SB – And we killed ourselves laughing, even he because he’s famous for being very funny and always looking really stern. He corpsed, as they say. 

We always use Dave Hunt from White City; I knew him from Berry Street Studio. I did lots of reggae sessions there mainly with Adrian Sherwood and Prince Far-I. Dave Hunt was one of the engineers, then he had an 8-track in the basement under his house in Stokey, not far from where I lived. I introduced him to Diamanda Galás, she did a fantastic track there for her first record, “The Litanies of Satan.”

GB – Great title.

SB – Yes, great title and then he moved to White City, and he sort of became the guy to go to for recording unusual music. I suppose you could say Ivor Cutler was unusual! So, the lineup was Dave and Linda and then David Toop and I tried to do a tiny overdub of maybe 3 single notes on the piano, and he had this song called Jungle Tip no. 1. David Toop had some wonderful jungle recordings, so we used some of those and he occasionally played maybe a note or 2 on the flute, maybe we added a tiny drum to something.
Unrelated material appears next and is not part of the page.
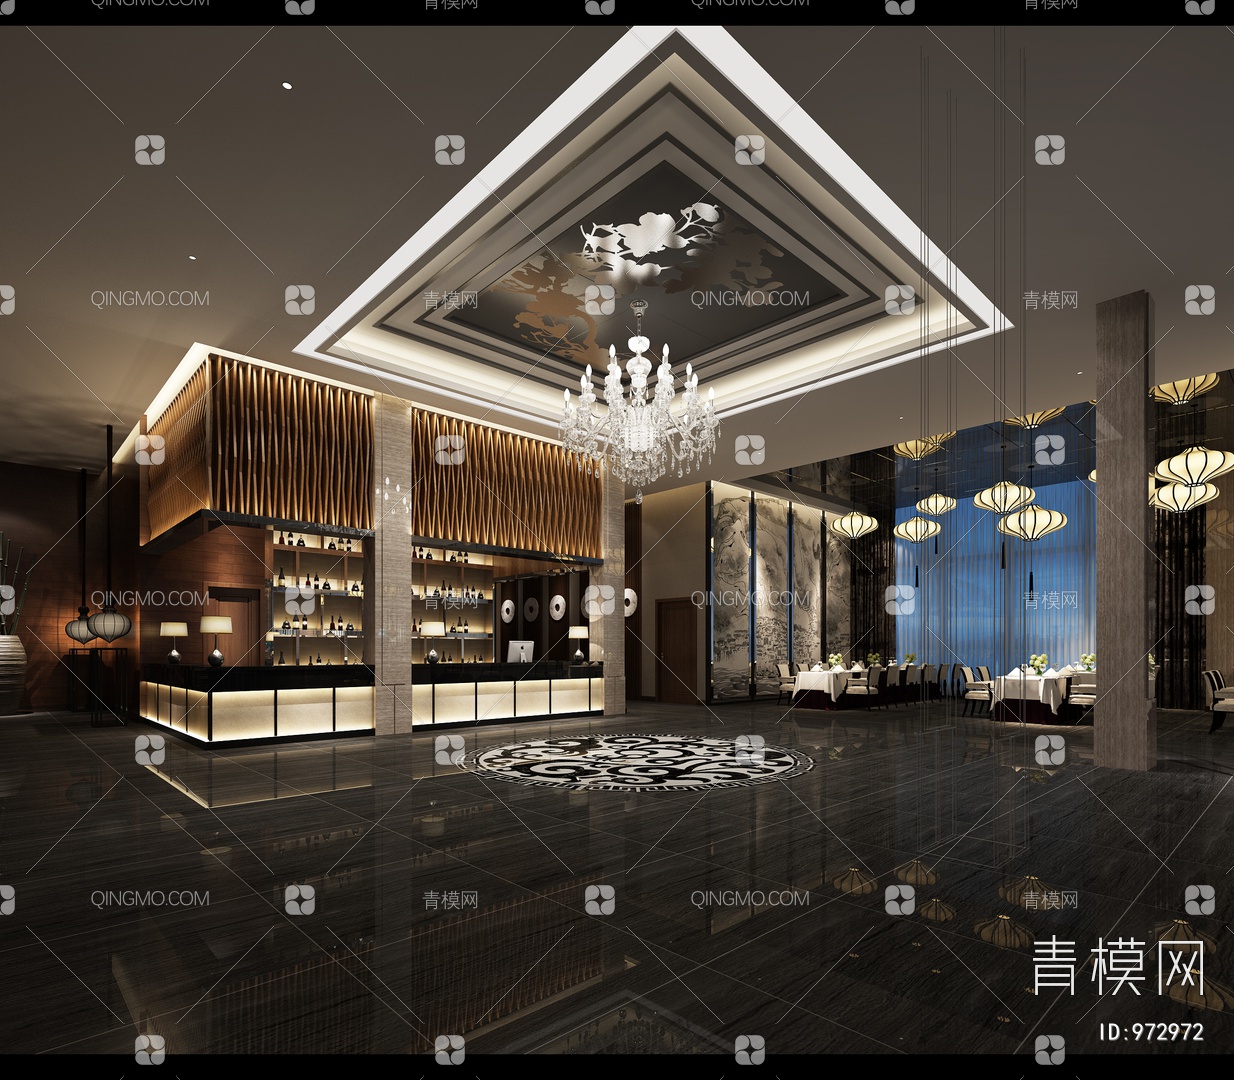 SCDA | 新加坡罗伯逊码头洲际酒店-建E网设计资讯-室内设计行业头条资讯新闻网站

GB – So basically there was a lot more appreciation and laughter than playing?

SB – No, no there was a lot of music! We only laughed very much once and then Dennis Bovell showed up at one point and had shades on, he was known as ‘Blackbeard’ but now it’s kind of ‘Silverbeard’! It was a long time ago.
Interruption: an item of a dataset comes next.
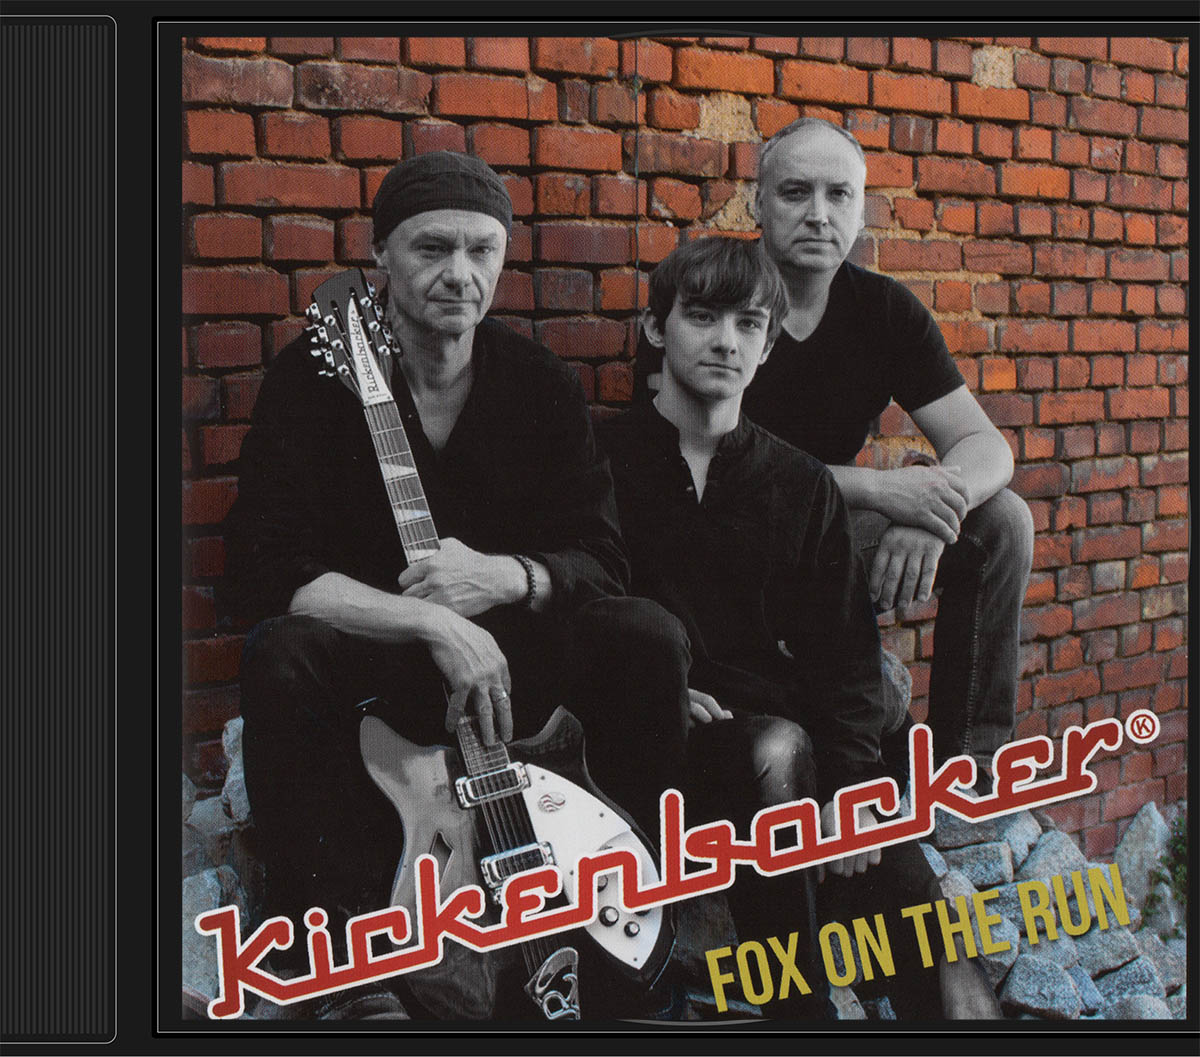 Kickenbacker mit Fox on the Run

GB – What’s the name of the Ivor Cutler album?

SB – It was called ‘Privilege’, apparently it was his worst-selling album ever and then it came out on CD. It’s a bit like The Shaggs, how different generations discover the Shaggs and go “Oh my God”. I did this when I was with The Slits, I didn’t know about The Shaggs and then someone played it to me and I said to the Slits, “Do you know this band?”, they said, “Yes of course we do!”, “Why didn’t you tell me”. So, it’s a bit like that. People somehow hear Ivor or see Ivor.
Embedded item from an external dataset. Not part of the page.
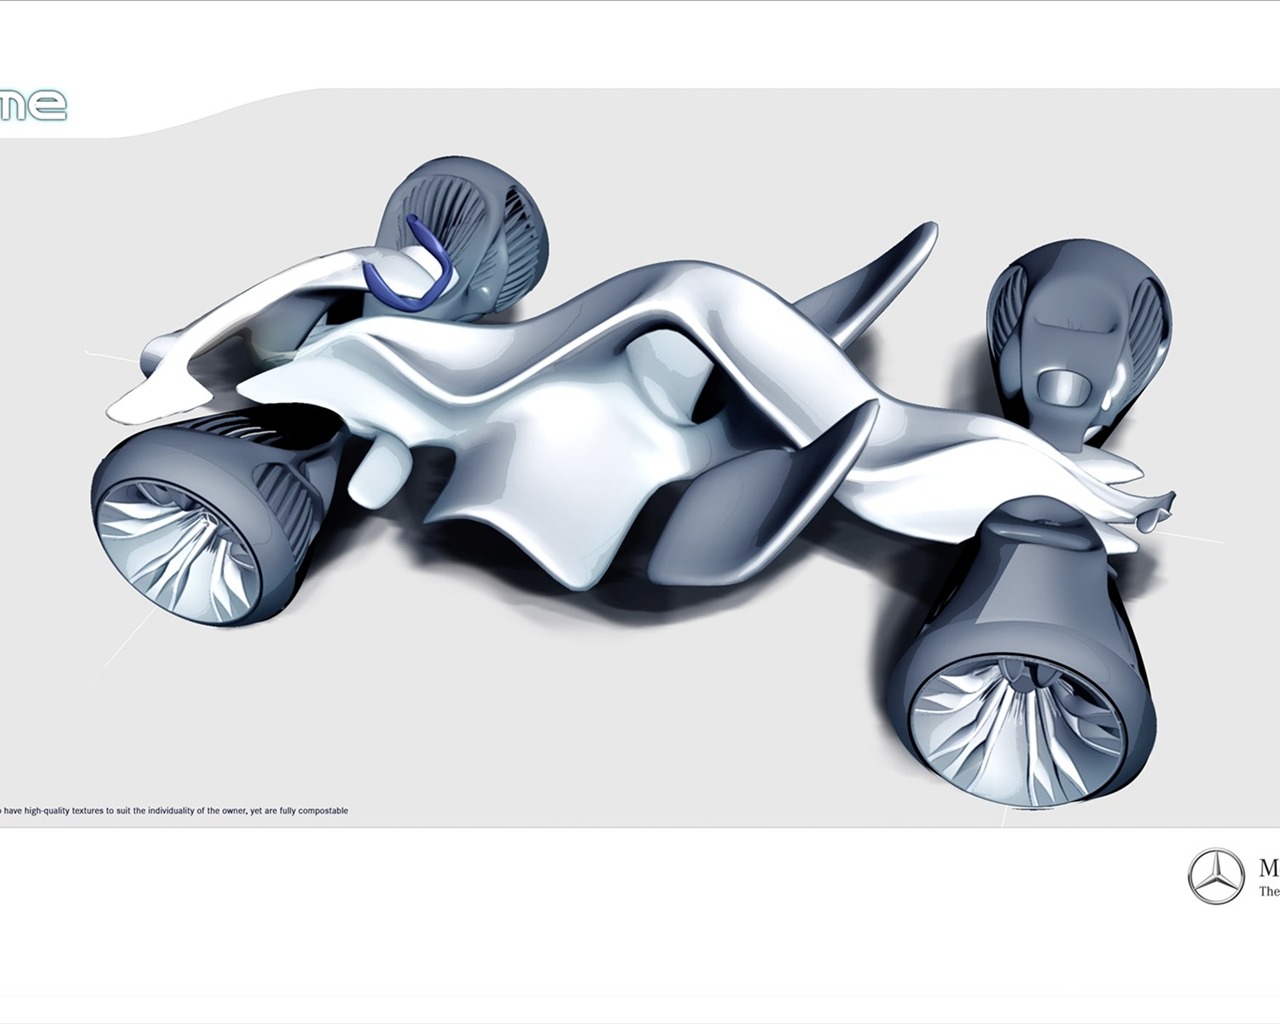 édition spéciale de concept cars fond d'écran (20) #16 - 1280x1024

GB – I’m interested in your involvement with the London Improvisers Orchestra. Were you a founder member? 

SB – It came out of the project by Butch Morris, who was an African American trumpet player, arranger, cornet player. He wrote arrangements for David Murray for instance, but he had a thing called ‘Conduction’, he didn’t say he invented it. He always said that Charles Moffat, the drummer in Ornette Coleman’s band, had the idea, he just built on it, and he had various ensembles around the world always called ‘Skyscraper’ and somehow, we got together this tour, we put together a 15-piece band. The first time I met Orphy Robinson, I rang him up and said we’re looking for a vibe player. He was hugely enthusiastic; this is a long time ago now. So, we did this Contemporary Music Network tour with Butch Morris doing improvised conducting, this was 23/24 years ago in 1997. It was a very diverse band in terms of attitude. What we liked was playing in a large ensemble, it was very unusual for improvisers. He conducted the whole night. And a year after we finished that we (myself, Evan Parker and Ian Smith) decided it was really good and everybody really enjoyed it, so we started London Improvisers Orchestra. Straight away we had a slightly different angle on it. So, we decided that anybody could conduct and there would be pieces without conducting, just free improvisation pieces that would be central to it

GB – It works well having different conductors, each one has some kind of idea of the shape of the piece they are creating. It’s really exciting to have the variety.

SB – Yes, I’m glad you like it.

GB – I do! And I know there’s so very much more to talk with you about! Your musical associations/recorded music/gigs/concert series/teaching. Quite a formidable feat for anyone’s lifetime!

And just to recap… 

The paperback edition of ‘Piano, Toys, Music and Noise – conversations with Steve Beresford’’ by Andy Hamilton is now out on Bloomsbury as of February 2022. 

The Christian Marclay/Steve Beresford ‘Call and Response’ book is due to be released on May 17th. 

Unpredictable and Strange Umbrellas are holding regular concerts.

London Improvisers Orchestra meet once a month.

And Steve can be found guesting at many other concerts in and around London, and often further afield. 

Thank you, Steve, for your time, you are such an inspiration! I’ve really enjoyed speaking with you today.